ABS algorithm. This is a family of algorithms to solve a linear system of m equations, Ax=b, with n variables such that n >= m. Its distinguishing property is that the k-th iterate, x^k, is a solution to the first k equations. While algorithms in this class date back to 1934, the family was recognized and formally developed by J. Abaffy, C.G. Broyden and E. Spedicato, so the algorithm family name bears their initials. The ABS algorithm is given by the following.

Notation: A_i is the i-th row of A.

1. Initialize: choose x⁰ in Rⁿ, H¹ in R^n×n and nonsingular; set i=1.
2. Set search direction dⁱ = Hⁱz for any z that does not satisfy z'HⁱA_i=0. Compute residuals: r = Axⁱ-b.
3. Iterate: xⁱ⁺¹ = xⁱ - s dⁱ, where s is the step size: s = r_i / A_i dⁱ.
4. Test for convergance (update residuals, if used in test): Is solution within tolerance? If so, stop; else, continue.
5. Update Hⁱ⁺¹ = Hⁱ - Dⁱ, where Dⁱ is a rank 1 update of the form HⁱA_iwHⁱ' for w such that wHⁱA_i = 1.
6. Increment i and go to step 1.

The ABS algorithm extends to nonlinear equations and to linear diophantine equations.

Abstract program. This is a mathematical program defined on an abstract vector space (generally a Banach space). It unifies the ordinary mathematical program with control theory.

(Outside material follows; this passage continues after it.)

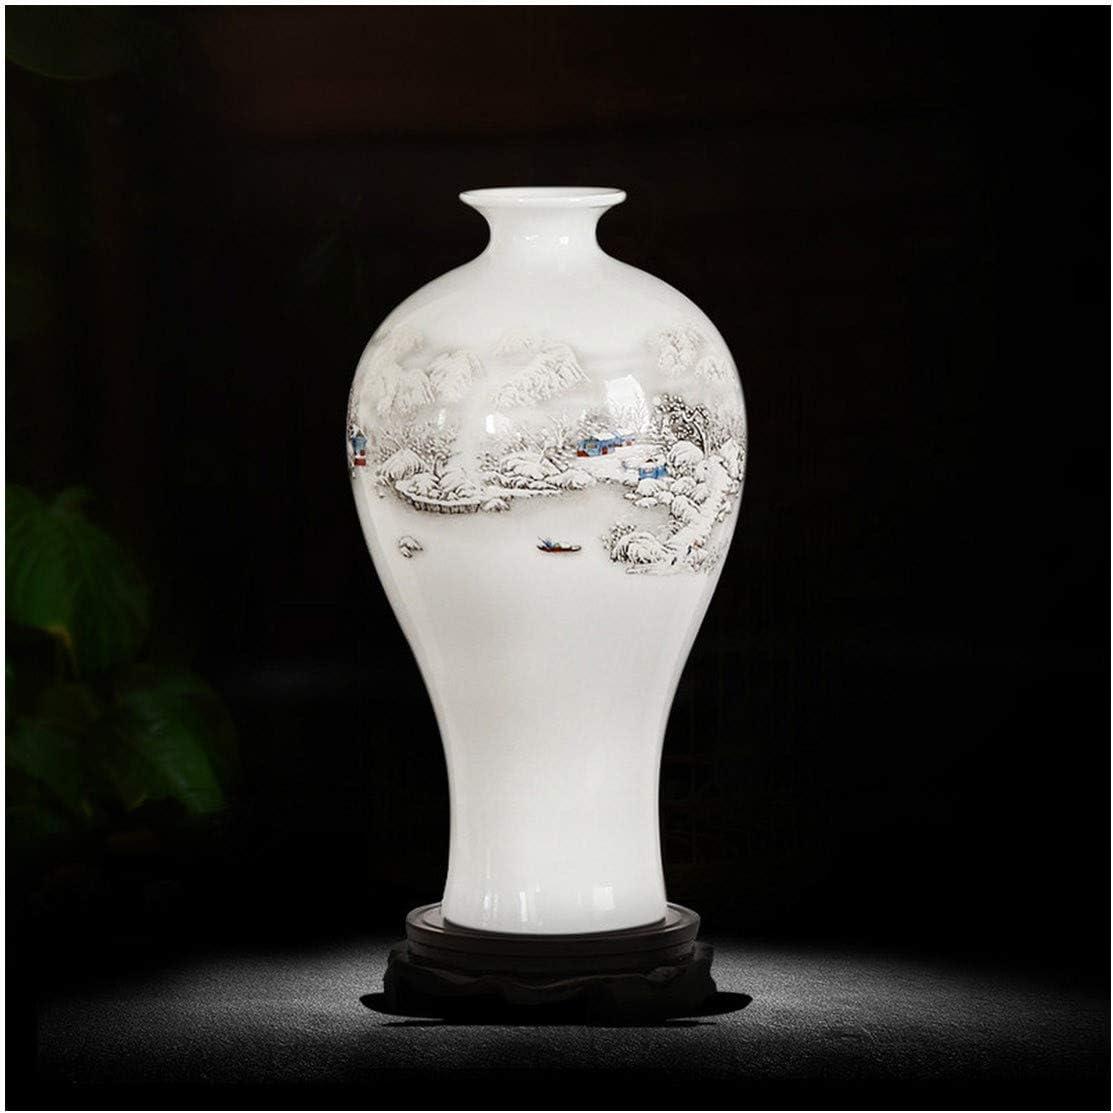 Amazon.com: xsacuikj White Ceramics Porcelain Vase Home Decoration

Active constraint. An inequality constraint that holds with equality (at a point). Same as tight, but not to be confused with binding. The set of all active constraints generally includes equality constraints too.

Active set method. This proceeds by partitioning inequality constraints into two sets: active (or sufficiently close to be deemed active for this iteration) and inactive. The inactive constraints are ignored for the iteration. The active set for this iteration is sometimes called the working set. Then, the new point is selected by moving on the surface defined by the working set (called the working surface).

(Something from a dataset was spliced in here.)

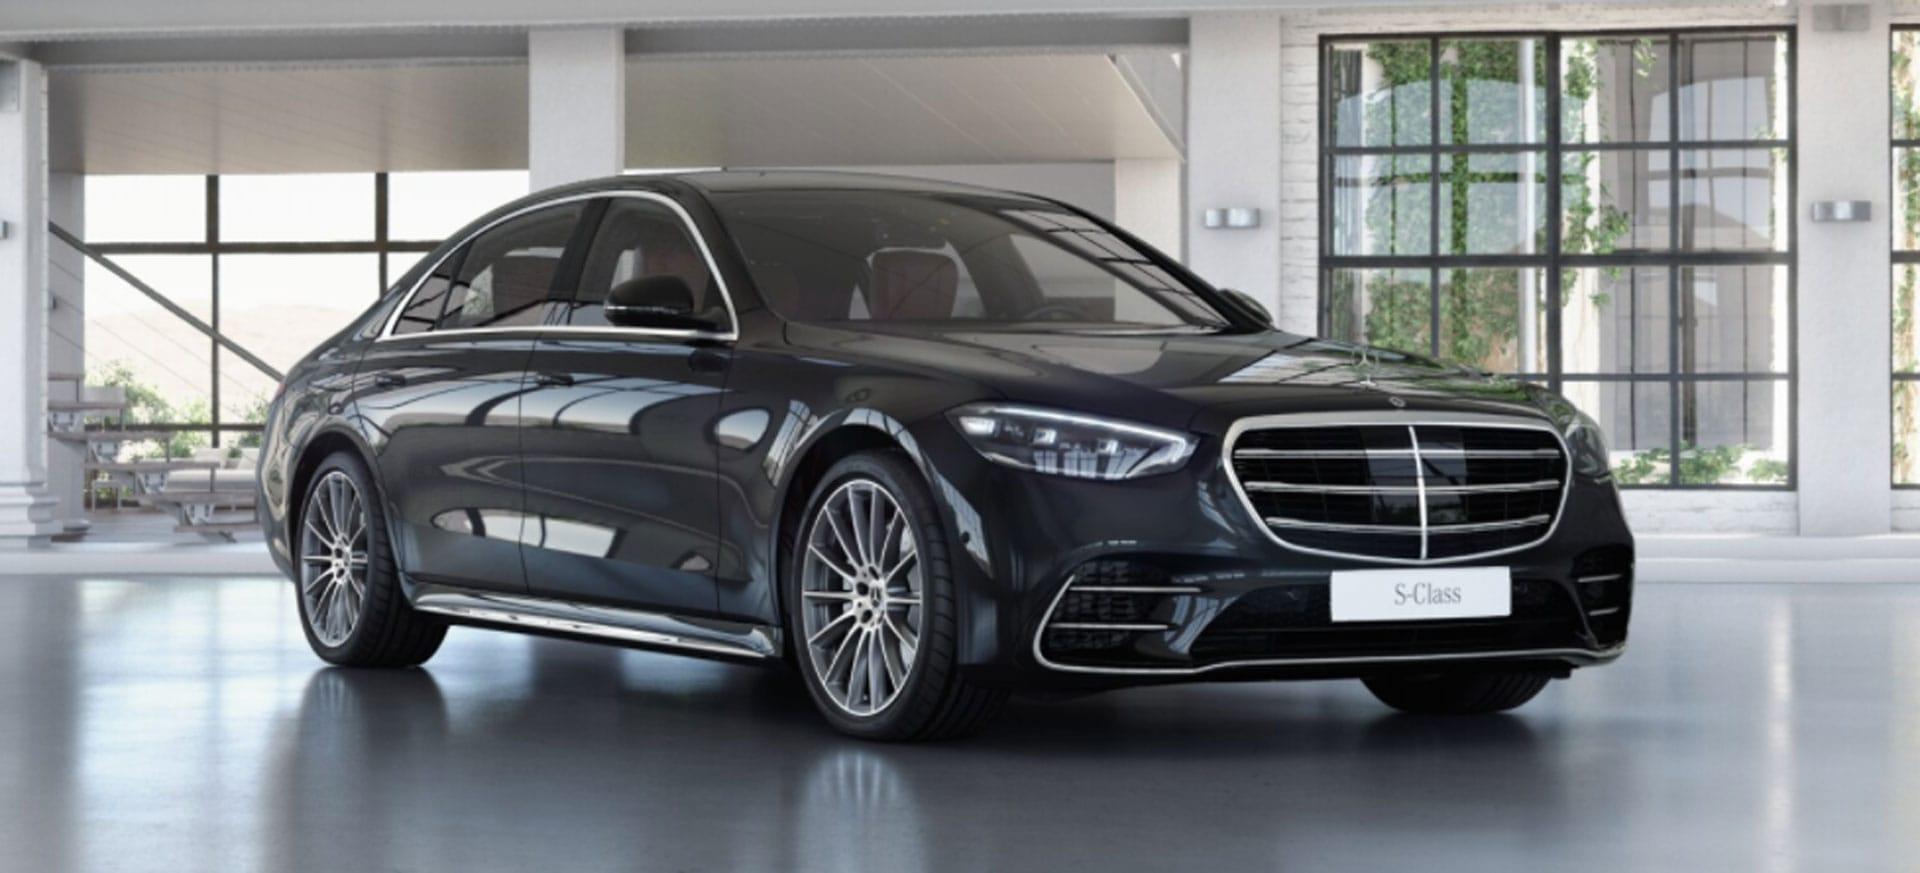 Mercedes-Benz S-Class Limousine 0152600354

Activity analysis. This is an approach to micro-economics, where a system is composed of elementary functions, called activities, which influenced the early growth of linear programming. When using the LP form: Min{cx: x >= 0, Ax >= b}, an insightful way to view an activity is that negative coefficients represent input requirements and positive coefficients represent outputs:

             _____
            | c_j | <--- cost or revenue
            |-----|
            |  -  | <--- input to activity j
            |     |
            |-----|
            |  +  | <--- output from activity j
            |_____|      

In general, the reduced cost   then represents the net worth of the activity for the prices, p:  

d_j = c_j – pA_j  =  input cost – output revenue.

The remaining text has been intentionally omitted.